The ardent fan group, which is relentlessly calling for swift justice in the notorious Port Said case, persistently demanded that the former members of the now-defunct National Democratic Party (NDP) be barred from running football in the country.
Ultras Ahlawy say this demand is part of their fight to “clean up the corrupt football system in Egypt”.
Abou-Reida, who is also an executive committee member of world governing body FIFA, was due to run for EFA president. However, his hopes were dealt a major blow after the EFA’s appeals committee disqualified him “on legal grounds” last month.
The committee said Abou-Reida was not eligible to contest the elections because he served as an EFA official for two consecutive terms.
Its decision was based on a court ruling, prompting Abou-Reida to consider filing a complaint with the Court of Arbitration for Sport (CAS) due to alleged government interference in football affairs, which is strictly prohibited by FIFA.
However, he had a change of heart.
“I decided not to take any action against the decision to disqualify me. I had a chance to go to CAS but I will not take the matter to a non-Egyptian entity,” he said in a television interview in the late hours of Wednesday.
Shobeir, who is known for his regular attack on Ultras Ahlawy, followed suit.
“I said it from the beginning, if Abou-Reida decided to withdraw then I would withdraw,” the former Ahly keeper, who sought to become an EFA board member, said.
“Glory for the martyrs”
Describing him as one of the remnants of the dismantled regime, Ultras Ahlawy accused Abou-Reida of conspiring against Ahly in the Port Said case.

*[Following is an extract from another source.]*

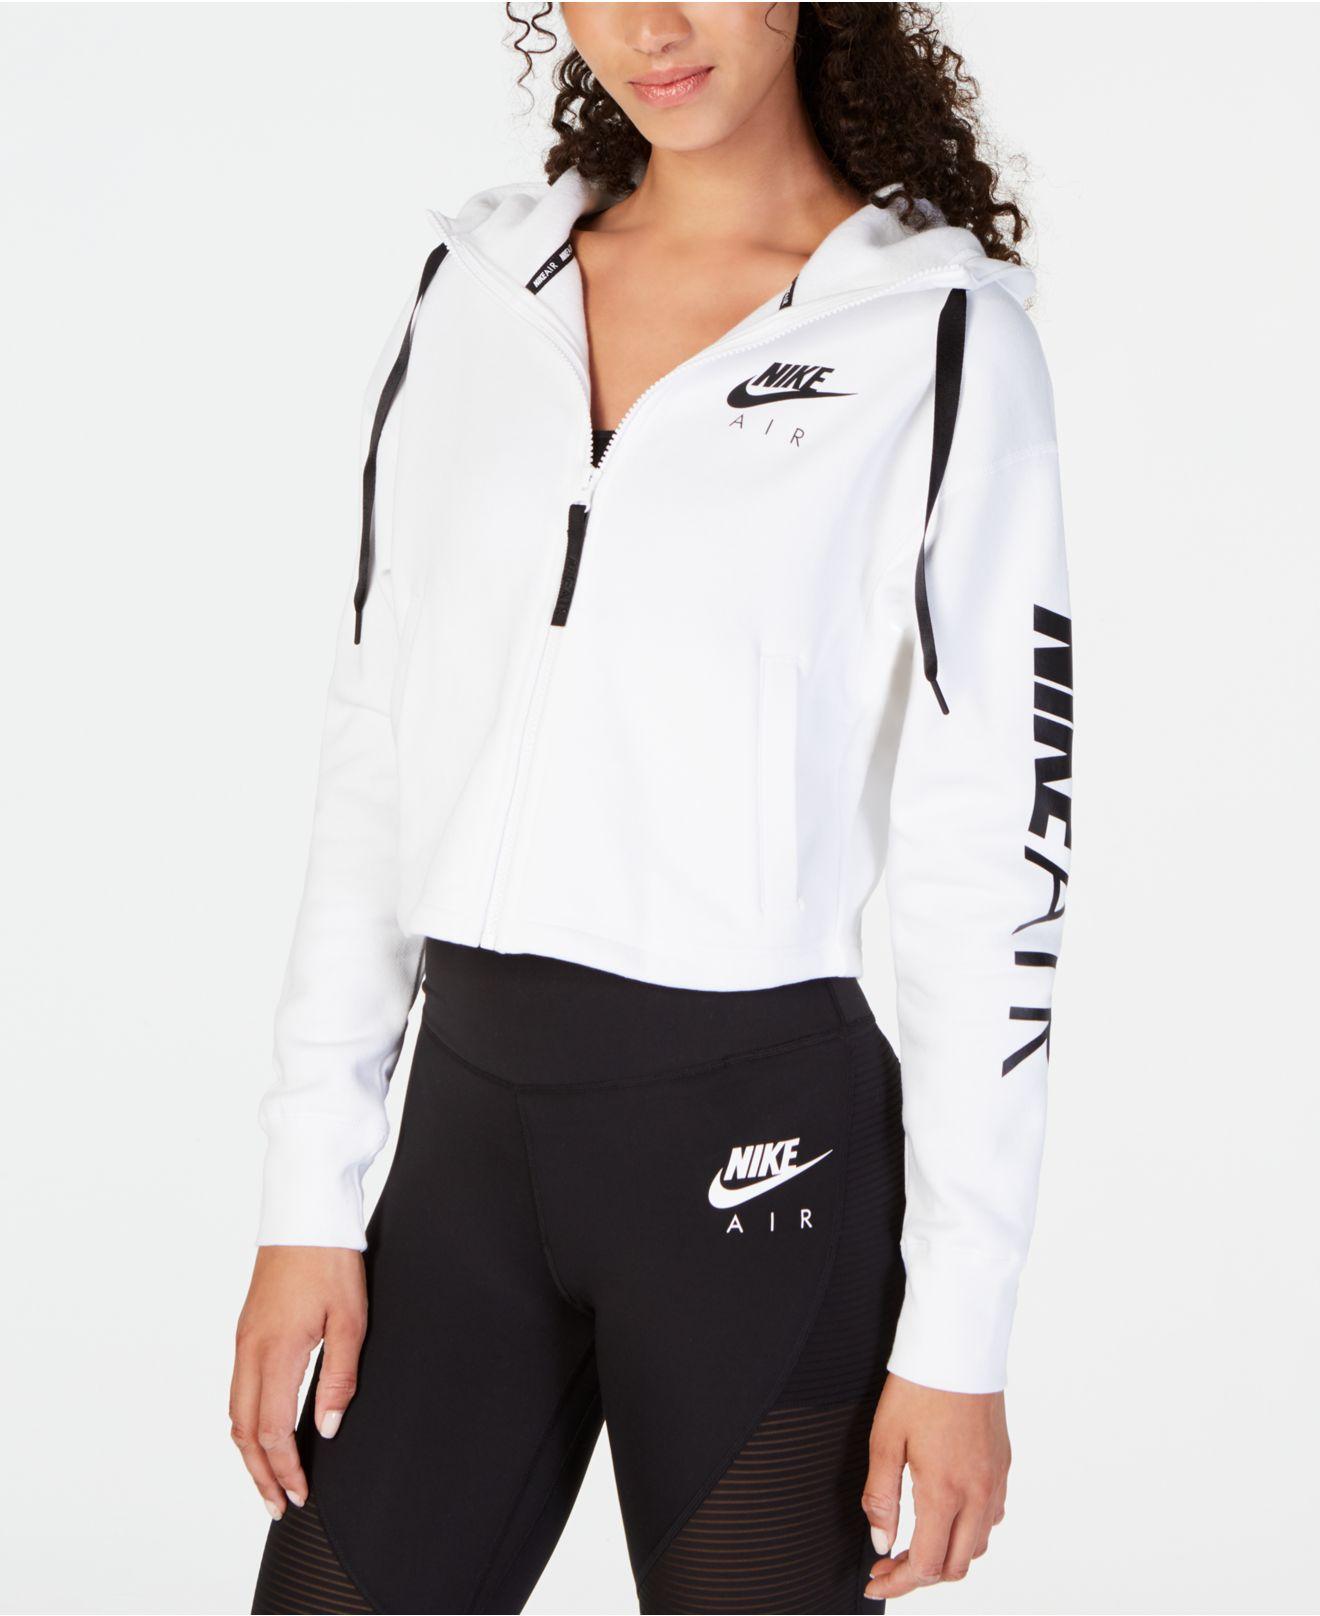 Nike Air Fleece Zip Cropped Hoodie in White & Black (White) | Lyst

Port Said club Masry were initially banned by the EFA for two years following February's football disaster which left more than 70 Ahly fans killed following the end of an ill-tempered league game.
However, the ban was swiftly overturned by CAS because the EFA declined to send a representative to attend a hearing CAS held to look into the case. Ultras Ahlawy alleged that Abou-Reida deliberately played a role in the EFA gaffe to spare Masry, the club of his hometown, any punishments.
“Another demand is fulfilled after Abou-Reida and Shobeir withdrew from the EFA elections,” the group said on its popular Facebook page.
“Glory for the martyrs, whose death has become a turning point to end football corruption. There is no place for corrupt leaders. Glory for the martyrs!”
However, it remains to be seen whether the duo’s disqualification will be enough to convince Ultras Ahlawy to give up their demand of canceling plans to start the Egyptian Premier League this month.
New sports minister El-Amry Farouk, who has tried to act as a mediator between authorities and Ultras Ahlawy since being appointed, insisted the league would go ahead on 17 October as planned.
The fan group staged many protests, including violent ones, to underscore their intent not to let the EFA kick-start domestic football, suspended since the Port Said tragedy.
They say the culprits of the disaster must be brought to justice before any football activity is resumed.